In the data below, find the line with "Fascinating Continental pigeon" and output it along with every later line, exactly, but not the pictures.

START Source material

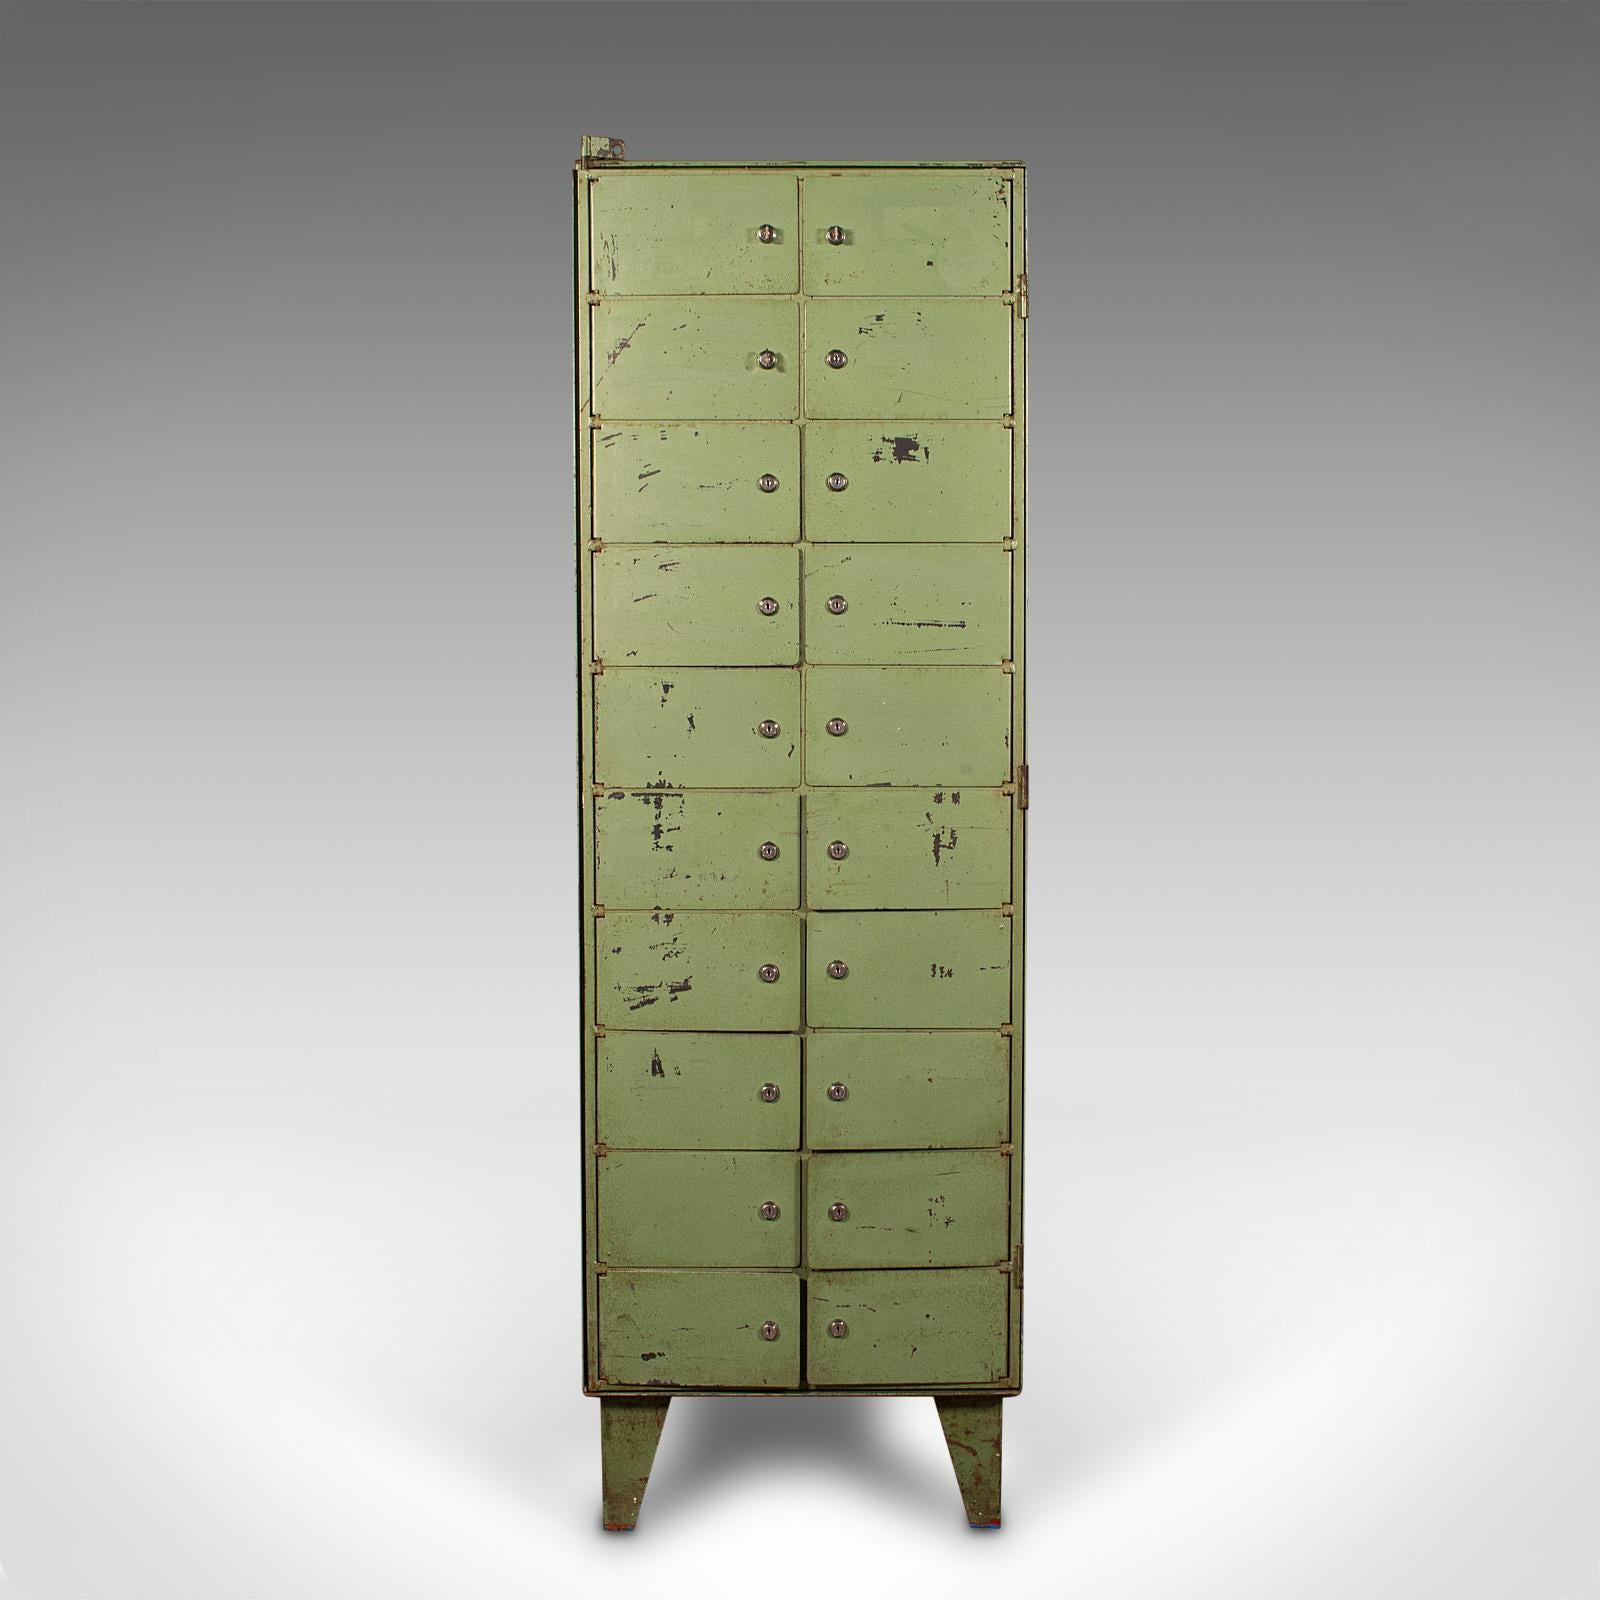 This is a tall vintage bank of pigeon holes. A German, steel 20 door slope front industrial machinist's cabinet, dating to the mid 20th century, circa 1950.

Fascinating Continental pigeon holes, with a weathered appearance
Displaying a desirable
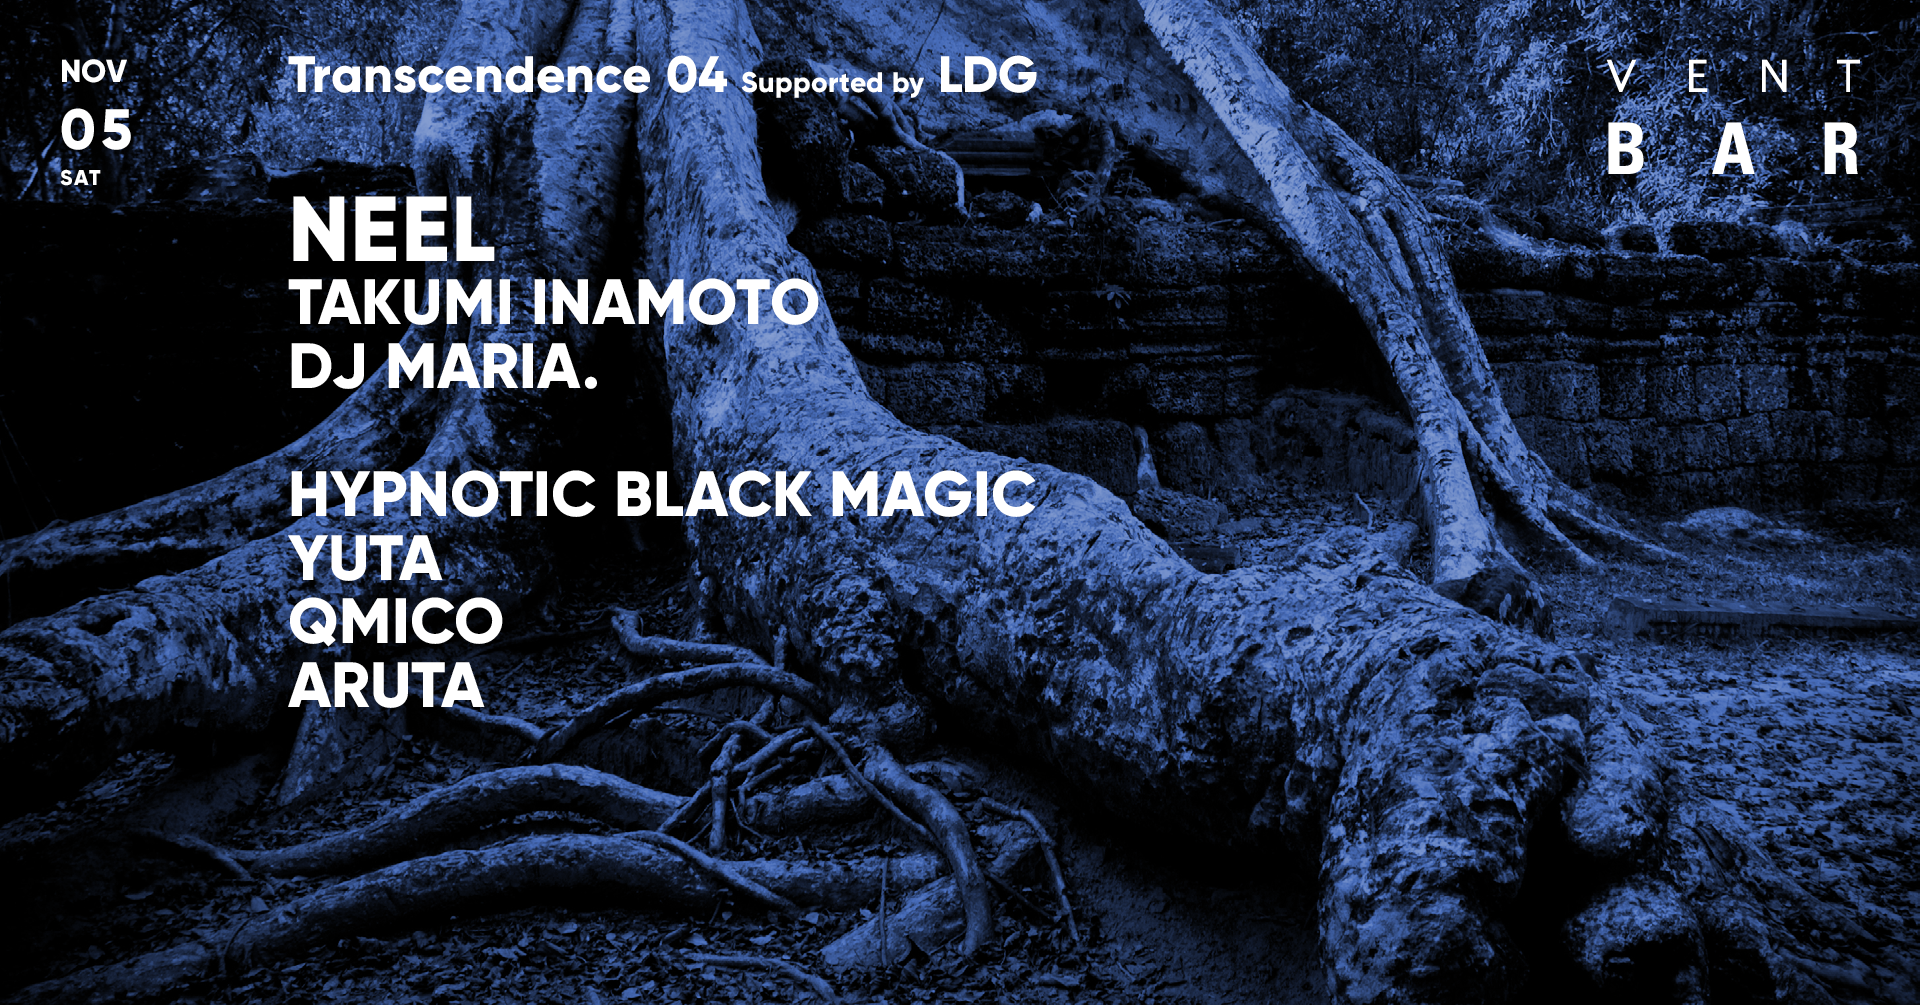 Neel / Transcendence 04 Supported by LDG

END Source material

Task solution -
Fascinating Continental pigeon holes, with a weathered appearance
Displaying a desirable
 Neel / Transcendence 04 Supported by LDG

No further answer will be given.